Not only that, but each entrance has security stationed at it.

“There is security supposedly at every entrance and every tunnel and also in each of the House office buildings that connect and the Library of Congress, all of which connect by tunnel,” said former Representative Mark Souder (R-Dist. 3).

According to Souder, once people have made it past these security measures anyone inside has fewer options when it comes to their safety.

“Once the security perimeters are breached, there’s not just a whole lot of planning that you can do,” said Souder. “Now, that isn’t to say we don’t have manuals, that they don’t have some briefings, and that type of thing and each one of these incidents lead to a new set of guidelines. But when things like this happen instantaneously and you’re on the house floor, you’re pretty well trapped. And that’s why it’s so abominable what these people are doing.”

However, there are some safety measures put in place inside the chambers for when this does happen.

“Congressmen do have gas masks inside the chamber,” said former Representative Marlin Stutzman (R-Dist. 3). “There’s also, you can use the seats as a flak protector to protect your self in case of any shots being fired.”

Souder said that he expects there to be some changes to security going forward because in his experience, that is what has been down in the past.

“Years and years ago, even before I was a staffer for Dan Coats, some Puerto Rican independence people had set something off in the gallery and that caused some changes,” said Souder. “I was there when they had the shootout at the entrance and was involved in some of the oversight of trying to improve Capitol Police response so we didn’t have anymore killings and that was a whole other thing that changed the types of bullets in guns and so on. So, I know there’s lots of different layers of security, different things at different doors, different risks.”

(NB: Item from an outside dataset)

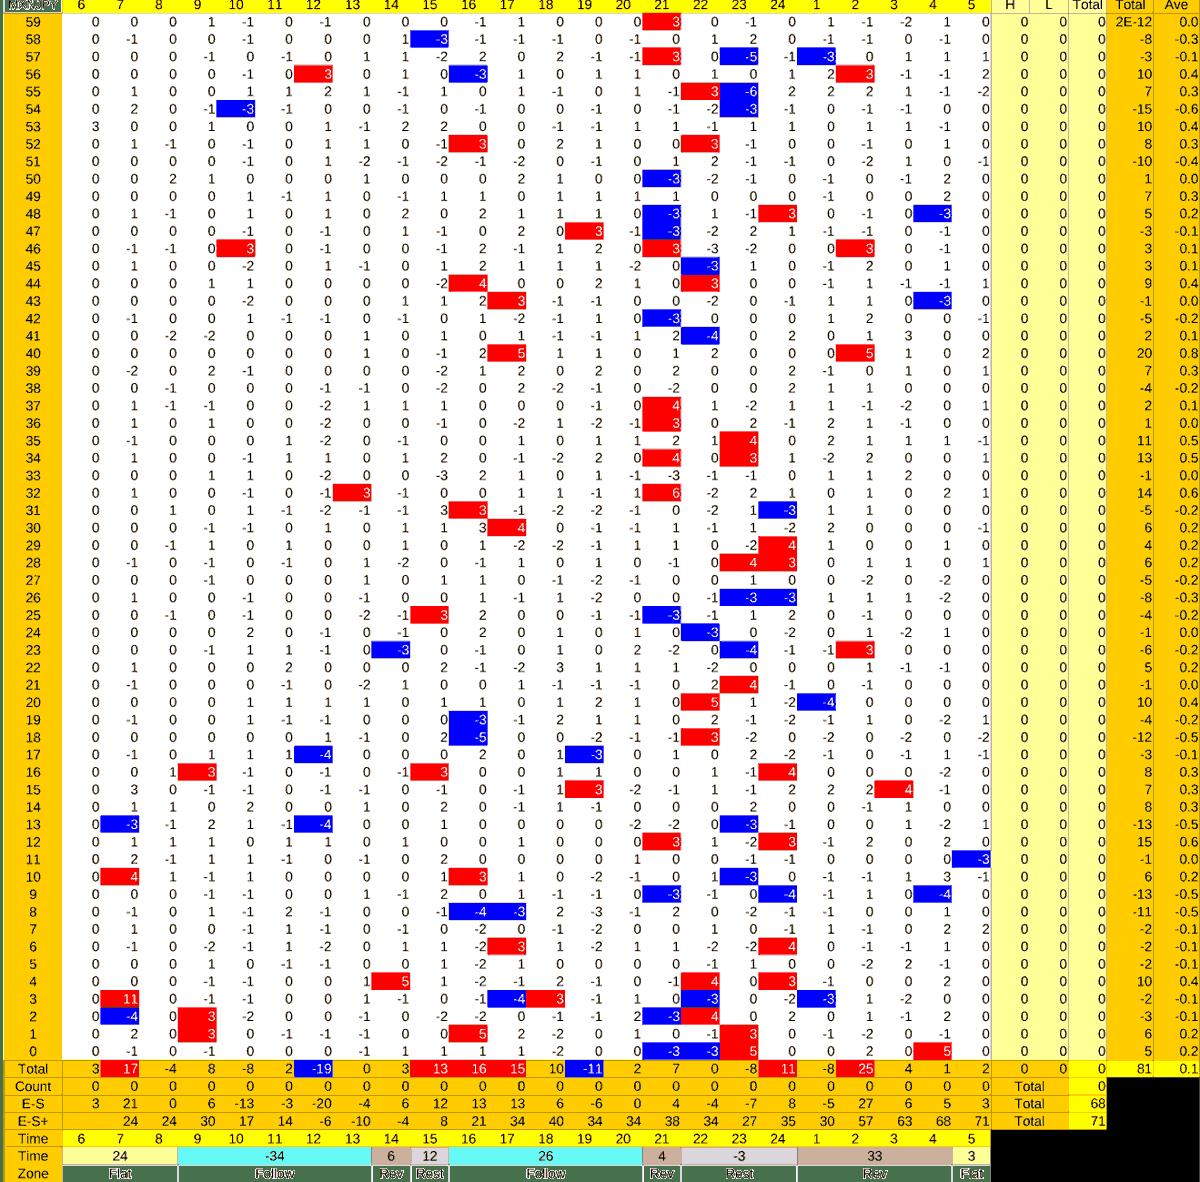 20210621_HS(3)MXNJPY

He added that because of all of those layers of security, it is typically not assumed that the problem is going to reach the House floor.

Donnelly had harsh words for those who made it into the building, and expects to see them to face the fullest extent law.

“We have terrorists storming our Capitol,” said Donnelly. “We’re going to take it back. We’re going to arrest these people, we’re going to clear them out, and they will not stop the work of the government of the United States.”

Stutzman also advised politicians should also take this as a sign that things need to change in Washington D.C.

“I think that we’re seeing the frustration with the American people that they don’t trust our government and they don’t trust the electoral process right now and our leaders in both parties better understand that we better get a hold of this quickly so that way no one is injured or even worse, killed.”